Recovery and Next Steps
THORChain has since resumed operations with the patched software. The team has stated that the stolen funds are not recoverable through protocol means, though they are working with law enforcement and blockchain analytics firms to trace the movement of assets. The attacker’s node has been removed from the active set, and the staked RUNE has been slashed as a penalty.

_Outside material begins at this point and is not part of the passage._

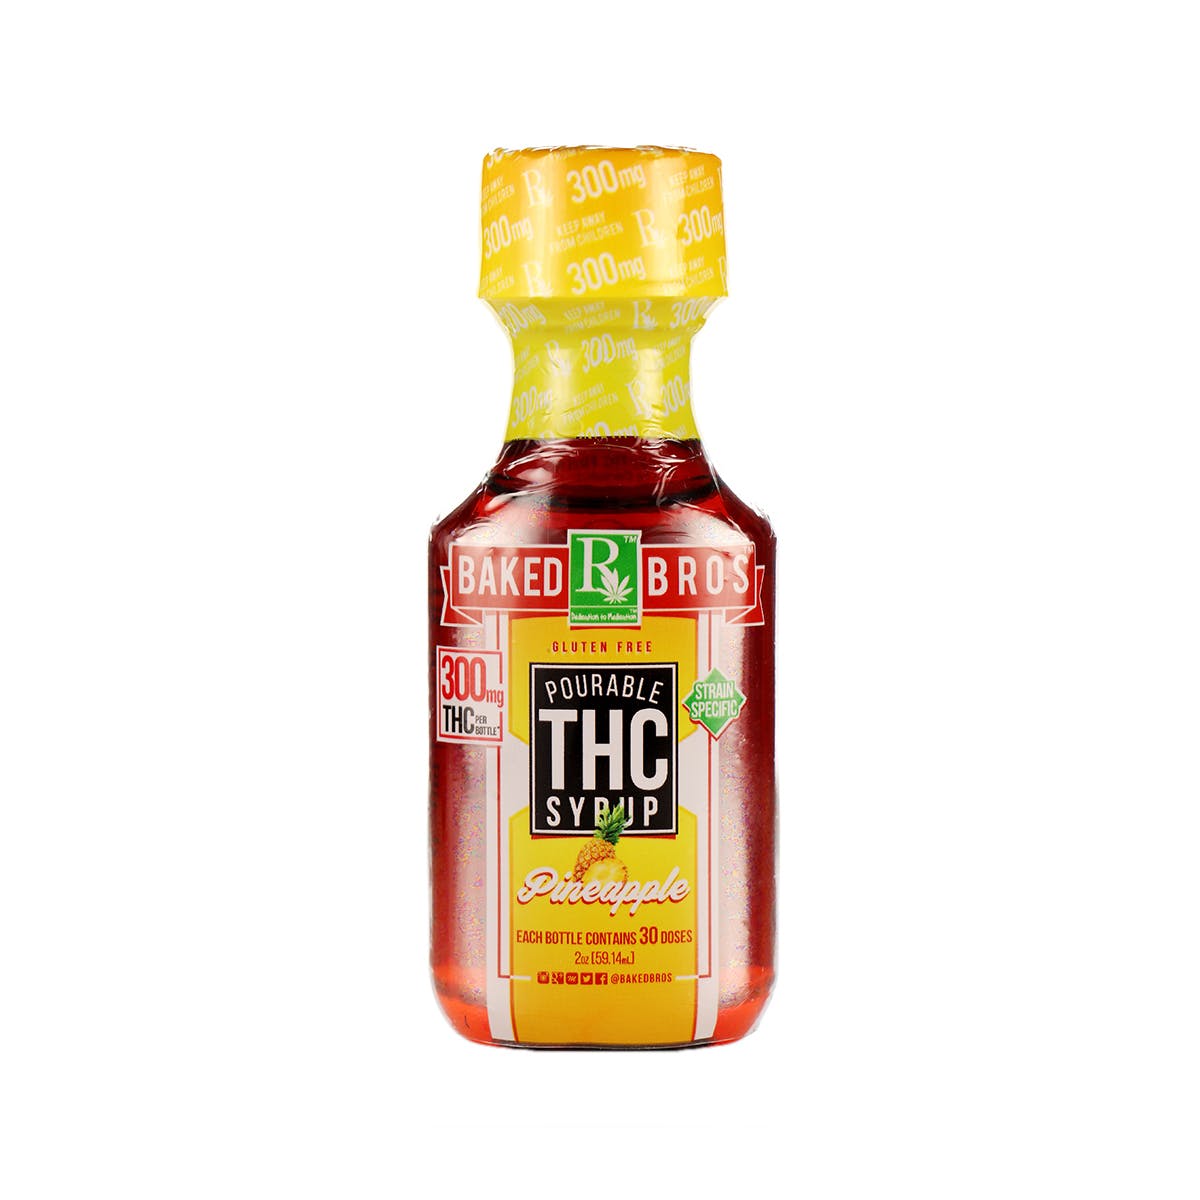 THC Syrup Pineapple 300mg
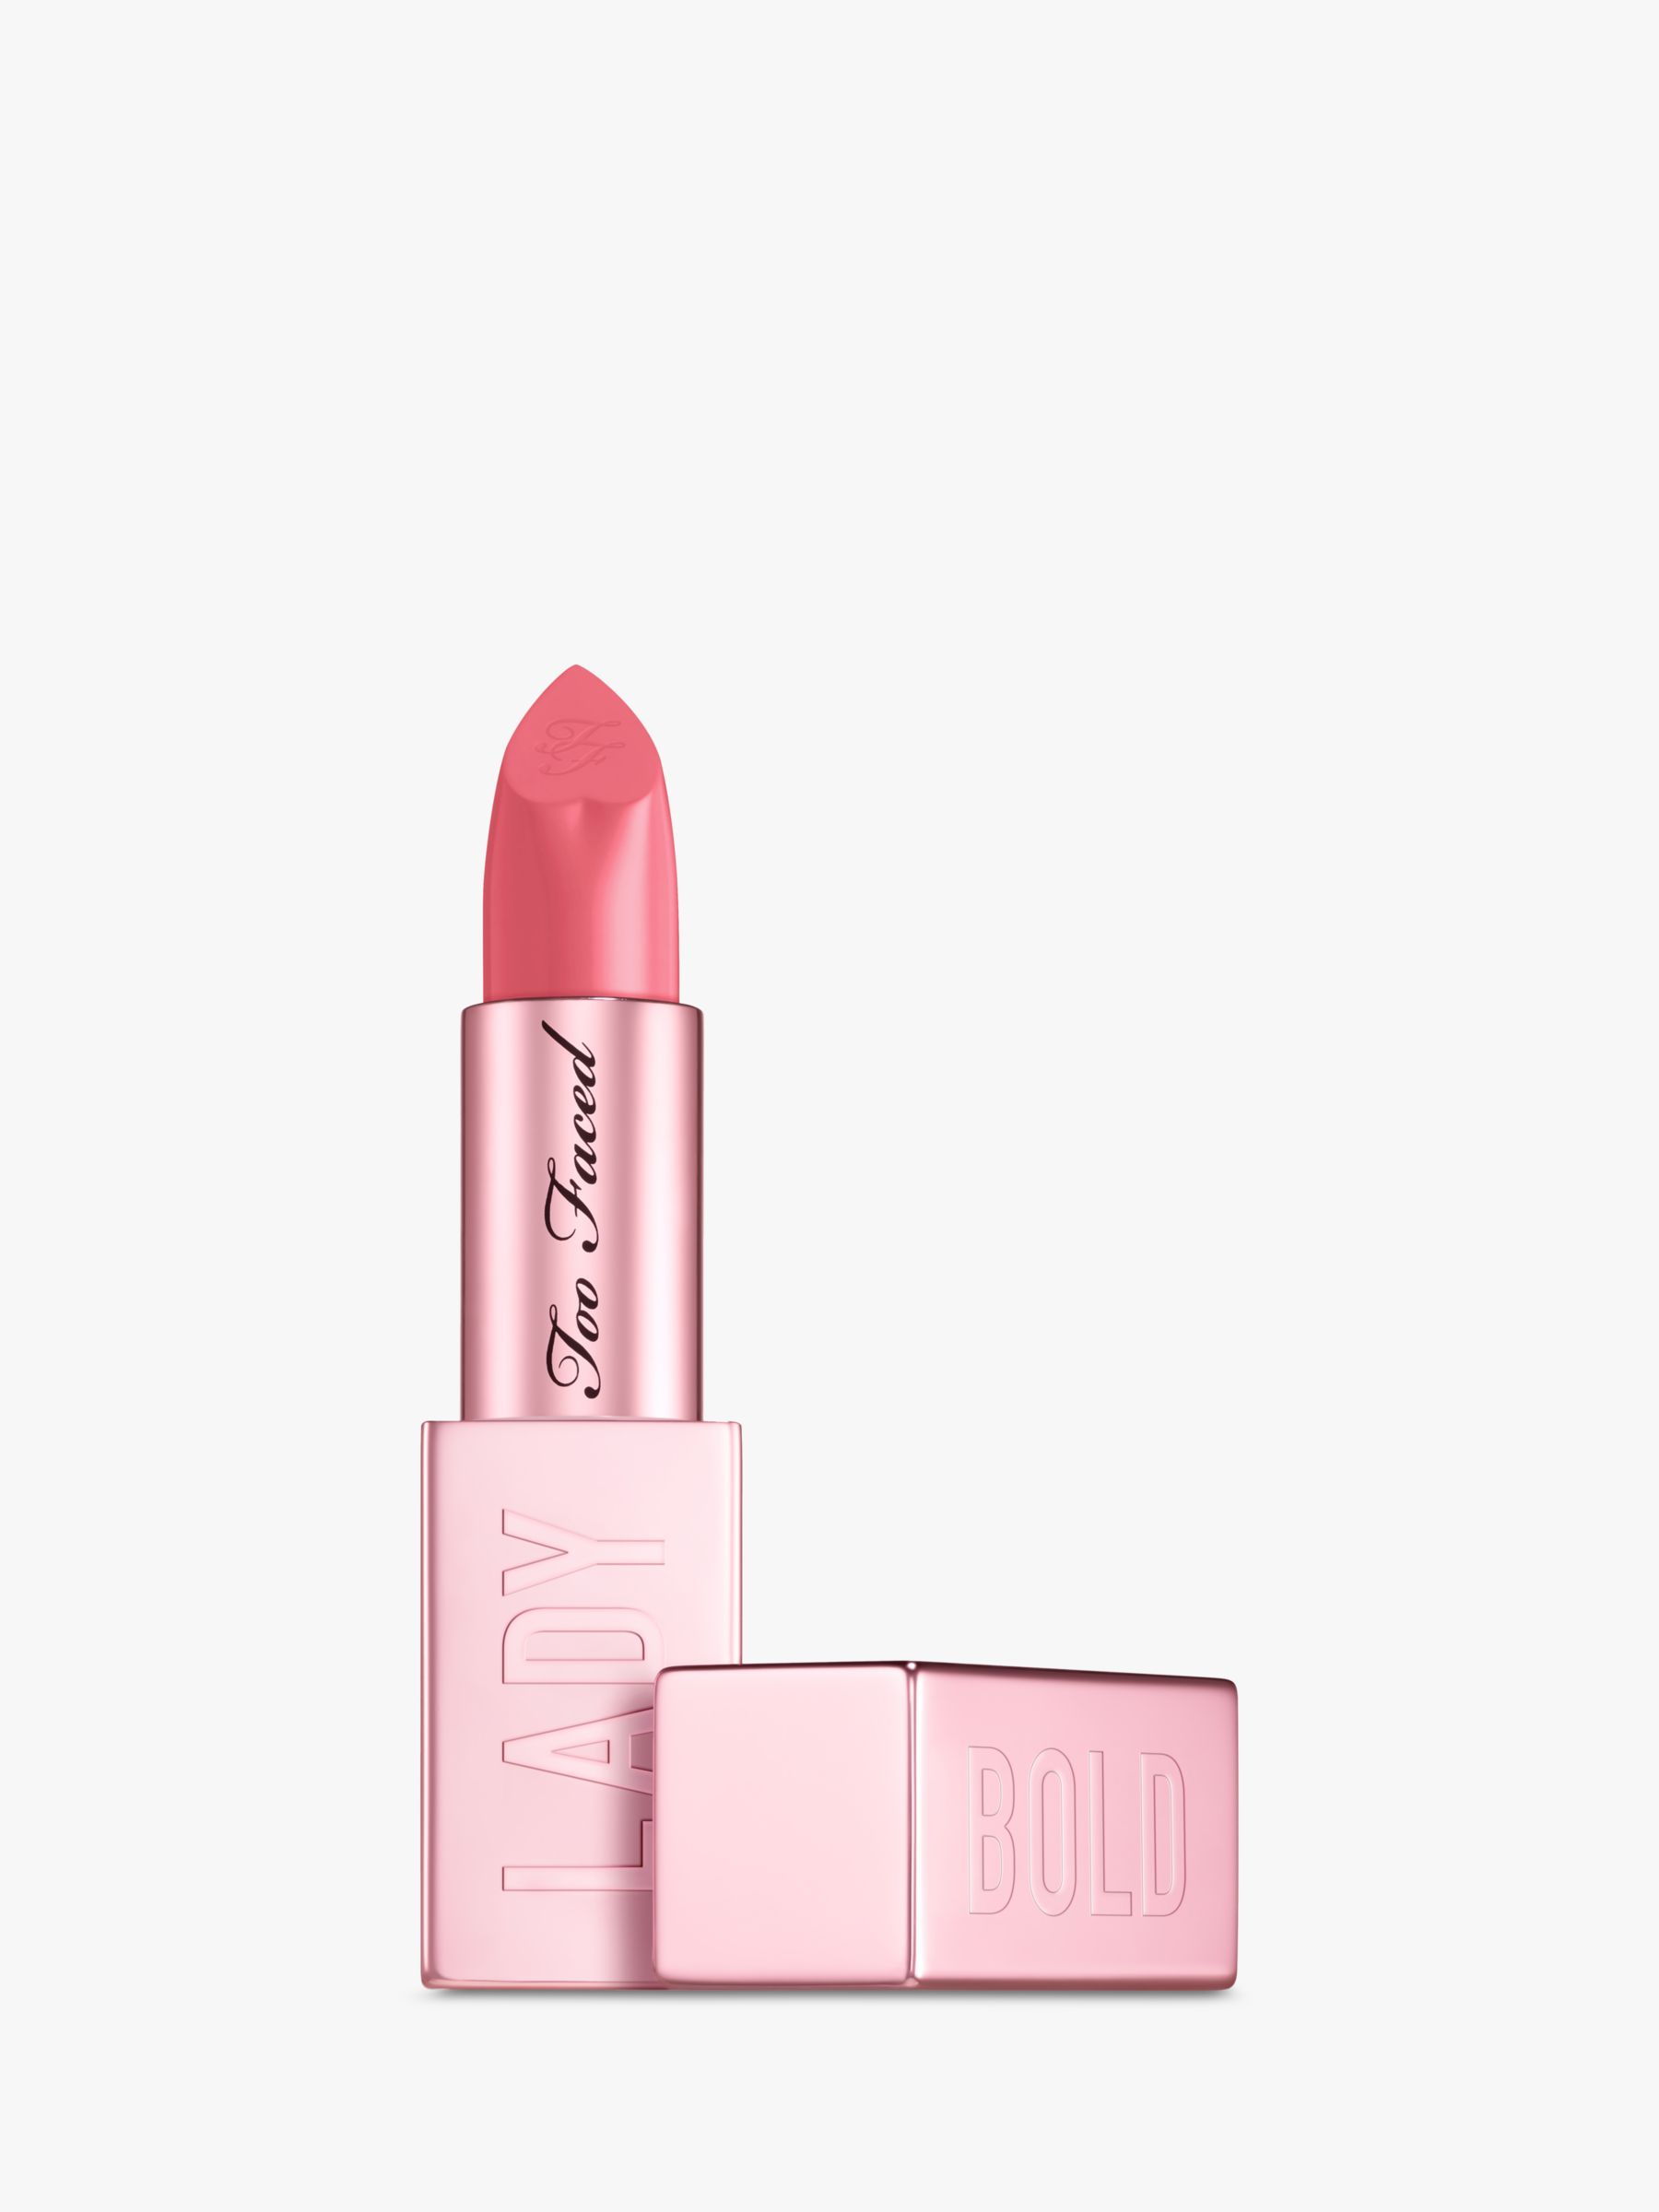 Too Faced Lady Bold Em-Power Pigment Cream Lipstick, Dear Diary 1

The incident has prompted renewed calls for formal verification of cryptographic implementations in DeFi protocols. Several other cross-chain projects have announced internal audits of their GG20 and related signing code in the wake of the exploit.
Conclusion
The THORChain exploit is a sobering reminder that even well-funded, audited protocols can fall victim to known cryptographic weaknesses if those weaknesses are not proactively addressed. For users, the event underscores the importance of understanding the security assumptions behind the DeFi protocols they use — and the risks of trusting permissionless node networks with significant value. The industry will be watching closely to see whether THORChain and others can close the gap between theoretical security and operational reality.
FAQs
Q1: What is the GG20 vulnerability?
The GG20 vulnerability is a flaw in a threshold signature scheme that allows a malicious participant in a multi-party computation to extract the group’s private key by manipulating the signing process. It was first documented in academic research in 2020.
Q2: How much was stolen from THORChain?
Approximately $10.7 million in various crypto assets, including Bitcoin, Ether, and stablecoins, was drained from THORChain’s liquidity pools on May 15.
Q3: Was the vulnerability known before the attack?
Yes, the GG20 vulnerability was known in cryptographic research circles. However, THORChain had not implemented specific mitigations at the protocol level before the exploit occurred.